What I have instead is the flu. Or a cold. Or possibly some new flu-cold hybrid, featuring symptoms of both, with a few “new and improved” symptoms added specifically for my misery. Whatever it is, I no longer expect to live through it, so I’ll try to write fast, just in case.

It came on Sunday evening, and by Monday morning, I was a wreck.

Usually, I enjoy being sick, as long as I’m not too sick. A cold or slight fever means The Lovely Mrs. Taylor will cater to my needs in ways she would never consider were I well.

“Can I get you anything, dear?” are not words heard around the Taylor home unless someone’s laid low with illness. We are, as a rule, a hardy breed here and manage to get through life without being waited upon.

Illness mitigates that fact. If Mrs. T catches cold, I whip up a big pot of my homemade chicken soup, bring her extra blankets and run to the store for orange juice and ginger ale. I love her, but that’s not why I do this. I do this because I want her to feel obligated to baby me the next time I’m the sickie.

Quid pro quo, in its simplest form.

The only difference is, I don’t ask her to make homemade soup. Mrs. Taylor does not cook. Not well, anyway. I barely trust her to heat up the canned stuff. I didn’t marry her for her prowess in the kitchen.

But where was I? It’s hard to focus. My fever, which has to be right around 147 at the moment, is making me feel as sharp as … okay, think, there’s got to be a metaphor here somewhere … as sharp as … see what I mean? Nothin’.

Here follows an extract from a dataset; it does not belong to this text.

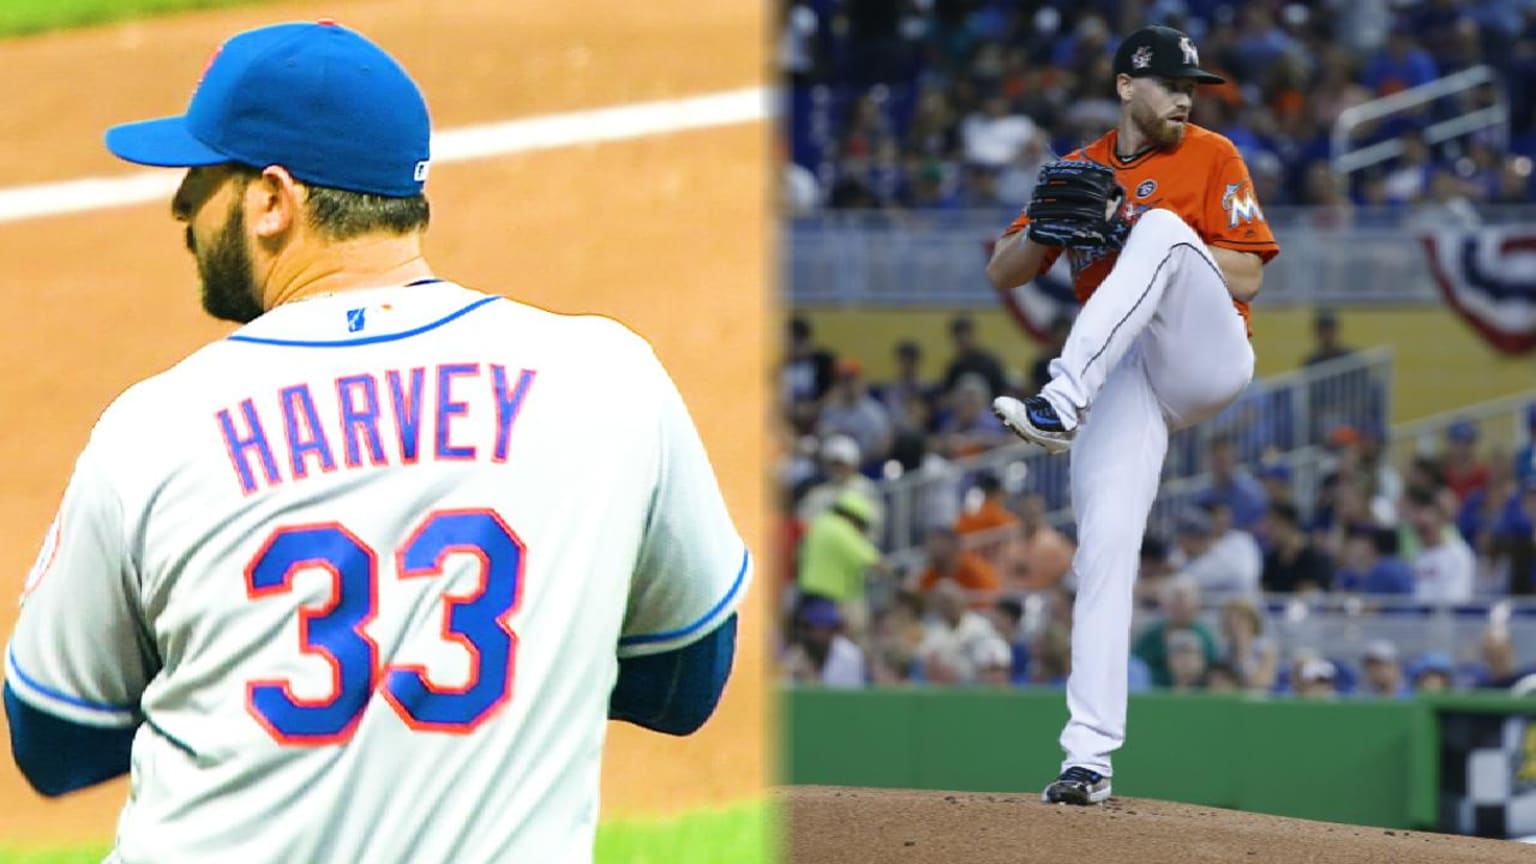 Rare NY Mets Jersey Mets Harvey Jersey NY Mets Jersey Majestic -  in  2023
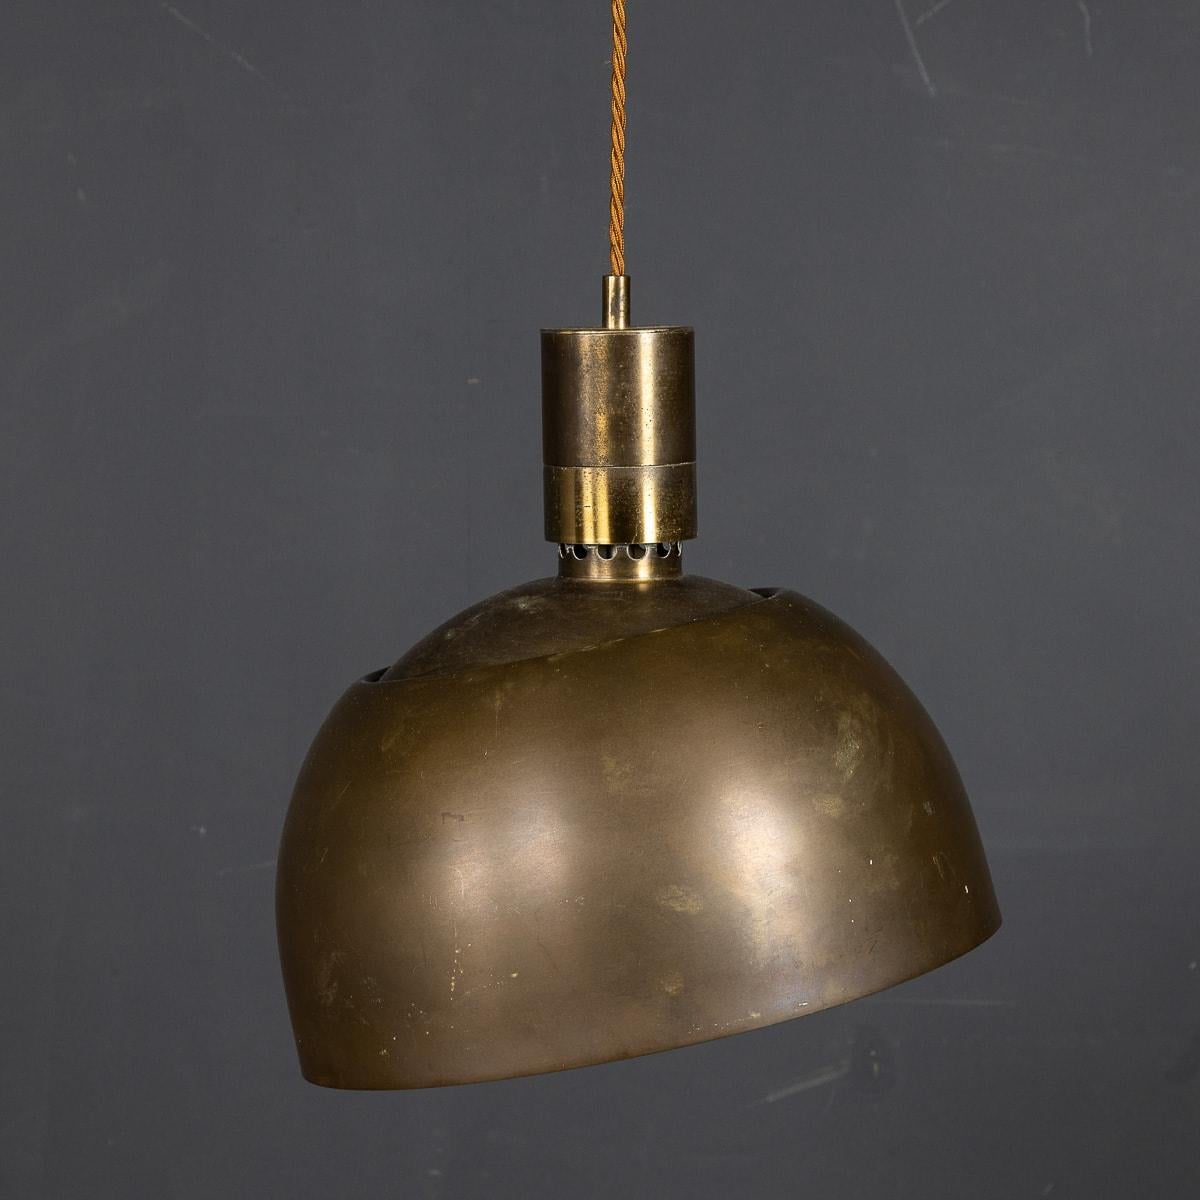 Pair of Italian Brass Articulated Wall Lights by Albini & Helg, c.1960 For Sale 2

I’m guessing the over-the-counter medication isn’t helping much, either. It’s the stuff you’re only supposed to take before bed, but it’s all I have in the house at the moment. If I had any heavy machinery, I wouldn’t be able to operate it right now.

Ah! Sick vs. too sick; that was the topic, I think.

Today, I am too sick to enjoy it. To make matters worse, Mrs. T’s gone to the office for the day, which means there’s nobody here to baby me properly. It’s only 10 a.m. and she’s already sent a couple e-mails enquiring as to my health and/or alive/dead status. But it’s just not the same as having her here to place cool washcloths on my forehead and murmur things like “poor baby” and “aww.”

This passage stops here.